Der Riss ging nicht durch den Immobilienmarkt, sondern durch die Partnerschaft selbst. Engel & Völkers Digital Invest (EVDI), einst ein Hoffnungsträger der digitalen Immobilienfinanzierung, hat beim Amtsgericht Charlottenburg Insolvenz in Eigenverwaltung angemeldet.
Der Grund: Eine ausbleibende Auszahlung seitens des eigenen Hauptgesellschafters, dem Versorgungswerk der Zahnärztekammer Berlin (VZB).
Verweigerte Zahlung, verletzter Vertrag?
Nach Darstellung von EVDI wurde ein vertraglich vereinbartes Darlehen – laut Insidern in signifikanter Höhe – kurzfristig und ohne Vorwarnung vom VZB blockiert. Die Summe sei für die Bedienung einer außerordentlichen Verbindlichkeit dringend benötigt worden.

Der Vorstand der EVDI spricht von einem "Treuepflichtverstoß" und wirft dem Versorgungswerk vor, bewusst den Vertragsbruch provoziert zu haben.
Der Vorgang sei umso bemerkenswerter, da frühere Tranchenauszahlungen stets fristgerecht erfolgt seien. Auch die aktuelle Version des Darlehensvertrags sei von der derzeitigen VZB-Führung selbst unterzeichnet worden.
Noch vor wenigen Monaten, so heißt es aus Kreisen der EVDI, habe das Projekt auf einem soliden Sanierungspfad gelegen.
Die Berliner Zahnärzte halten dagegen
Das Versorgungswerk wiederum sieht die Lage völlig anders. In einer schriftlichen Stellungnahme distanziert sich das VZB deutlich von den Vorwürfen und betont: Man trage keine Verantwortung für die Zahlungsunfähigkeit der EVDI.
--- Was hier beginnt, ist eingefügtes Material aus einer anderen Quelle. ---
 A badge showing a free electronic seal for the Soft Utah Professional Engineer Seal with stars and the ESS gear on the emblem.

Im Gegenteil: Die Weigerung, weiteres Kapital bereitzustellen, sei Ausdruck der Pflicht, das Vermögen der Mitglieder zu schützen. Das Darlehen sei „höchst spekulativ, illiquide und nicht mit den Anlagegrundsätzen eines Versorgungswerks vereinbar".
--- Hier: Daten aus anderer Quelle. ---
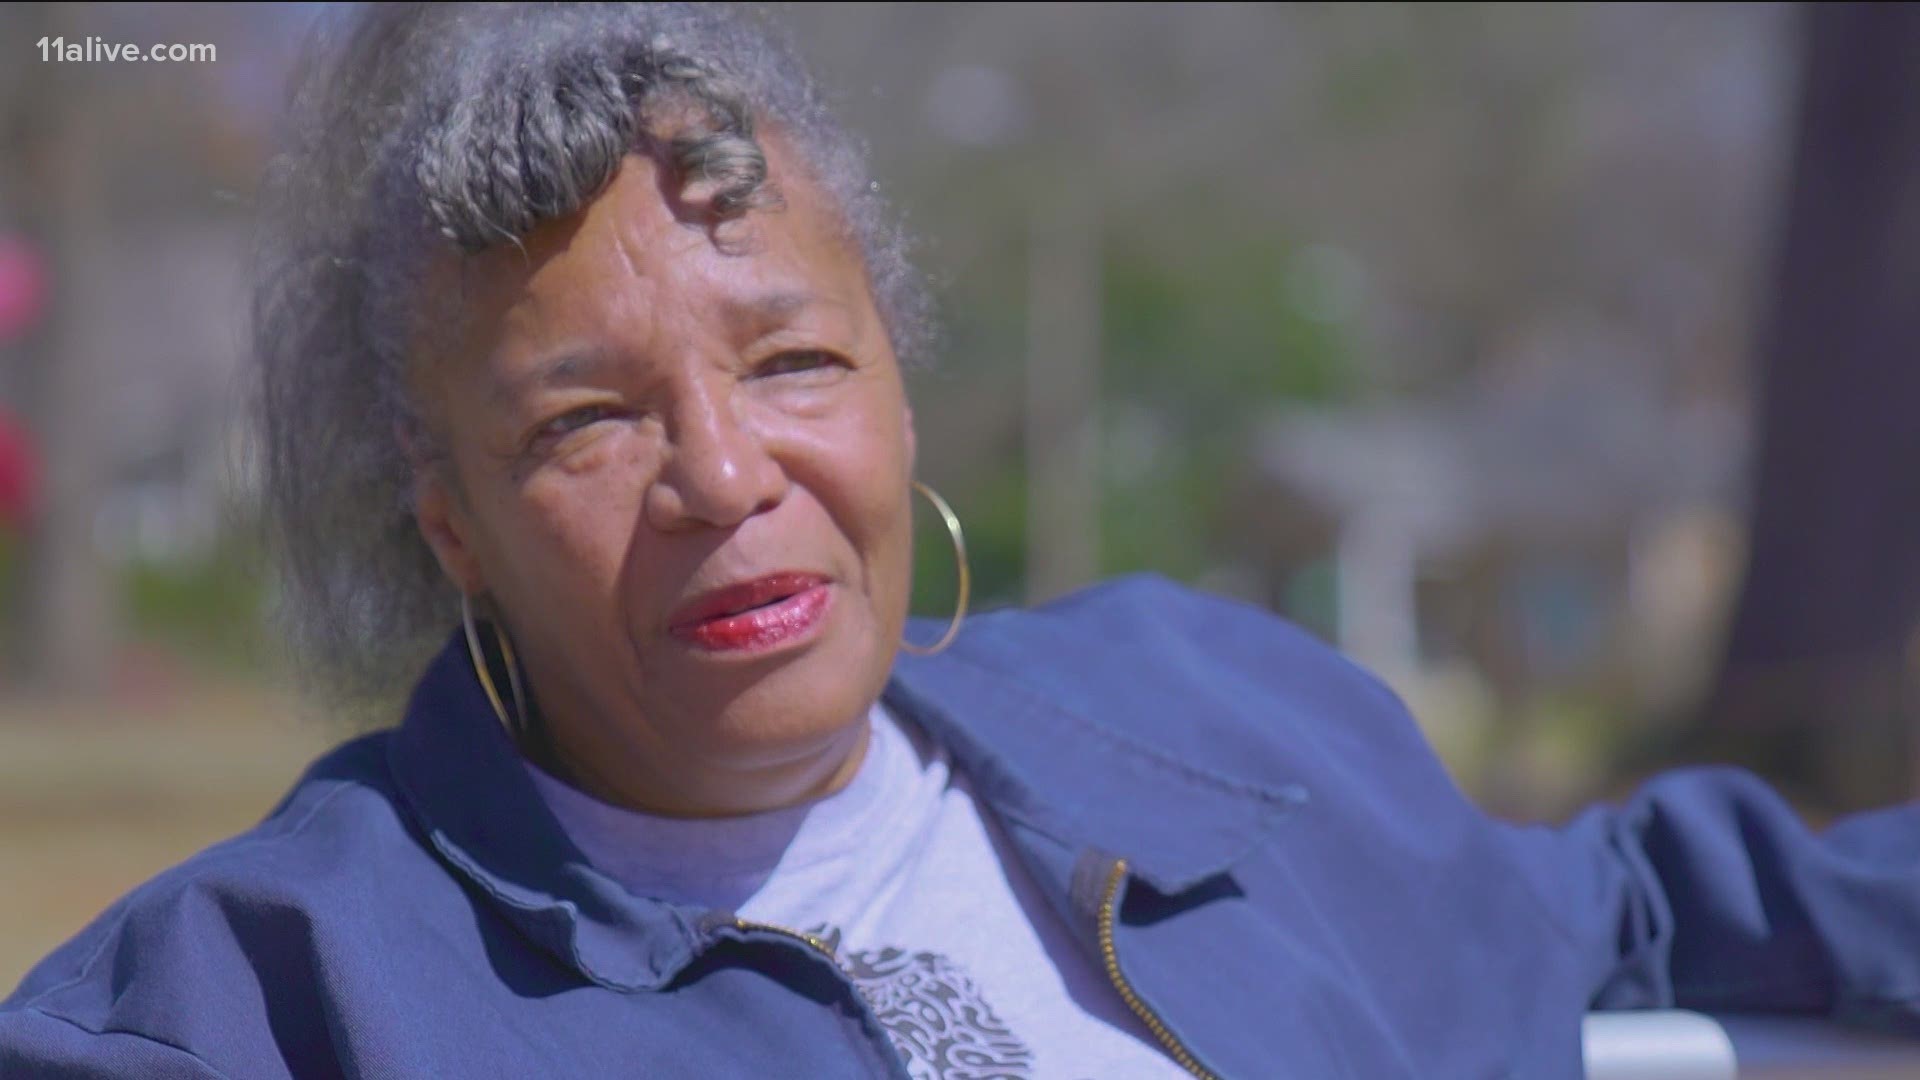 Marilynn Winn's one arrest snowballed into years of imprisonment. Now, the community activist fights for criminal justice reform.

Nach eigenen Angaben habe das VZB die Verträge juristisch prüfen lassen und dabei erhebliche aufsichtsrechtliche Mängel festgestellt. Die Vereinbarungen seien „zum Teil außerhalb des gesetzlichen Wirkungskreises" abgeschlossen worden, heißt es weiter.
Das Berliner Landgericht gab dieser Sichtweise offenbar recht: Ein Eilantrag der EVDI zur Durchsetzung der Auszahlung wurde Anfang Juli abgelehnt.
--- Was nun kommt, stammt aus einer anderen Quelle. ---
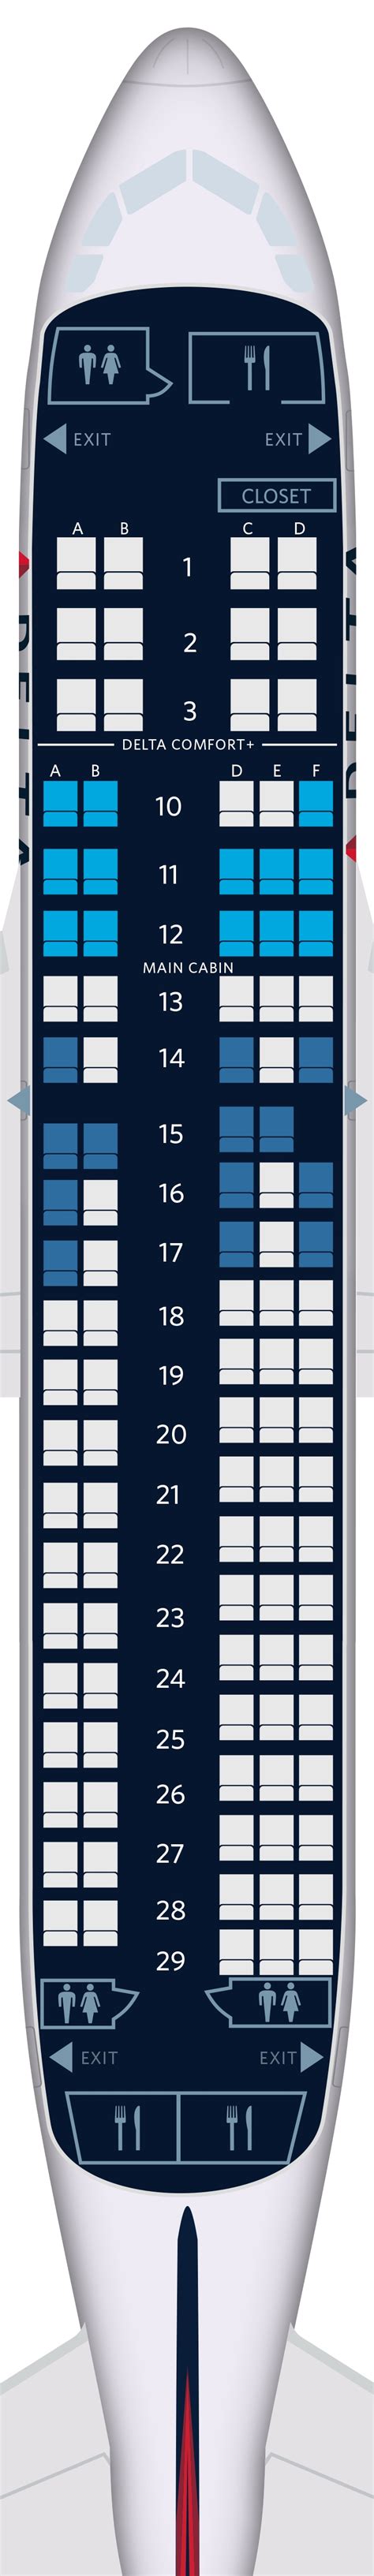 Airbus A220 100 Aircraft Seat Maps Specs And Amenities Delta Air Lines

Ein Versorgungswerk mit Vergangenheit
Besonders brisant: Das VZB selbst steht seit Längerem in der Kritik. Medienberichte zu fragwürdigen Beteiligungen und Fehlinvestitionen haben das Ansehen des Versorgungswerks geschwächt. Inzwischen wurden externe Fachleute beauftragt, die Beteiligungsstruktur zu prüfen – ein deutliches Zeichen für interne Aufarbeitung.
Ob der Stopp der Mittelvergabe an EVDI Teil dieser neuen Zurückhaltung ist, bleibt Spekulation. Fest steht: Die Verantwortlichen beim VZB zeigen sich deutlich entschlossener als noch vor wenigen Jahren. Und sie sind offenbar bereit, auch drastische Schritte zu gehen.
Schaden für Anleger, Fragen an die Aufsicht
Für die Anleger von Engel & Völkers Digital Invest ist die Situation eine Zitterpartie. Allein 2024 wurden 13 Projekte über die Plattform mit einem Volumen von 22 Millionen Euro finanziert.
Wie es nun weitergeht, ist offen. Zwar betont der EVDI-Vorstand die operative Stabilisierung des Unternehmens, doch ohne Kapital dürfte diese kaum aufrechtzuerhalten sein.
Der Fall wirft auch Fragen an die Aufsicht auf: Wie konnte ein Versorgungswerk ein so risikobehaftetes Darlehen überhaupt genehmigen? Welche Kontrollinstanzen haben hier versagt – auf Seiten der EVDI, aber auch beim VZB? Und was bedeutet die Insolvenz für das Vertrauen in Plattformfinanzierung generell?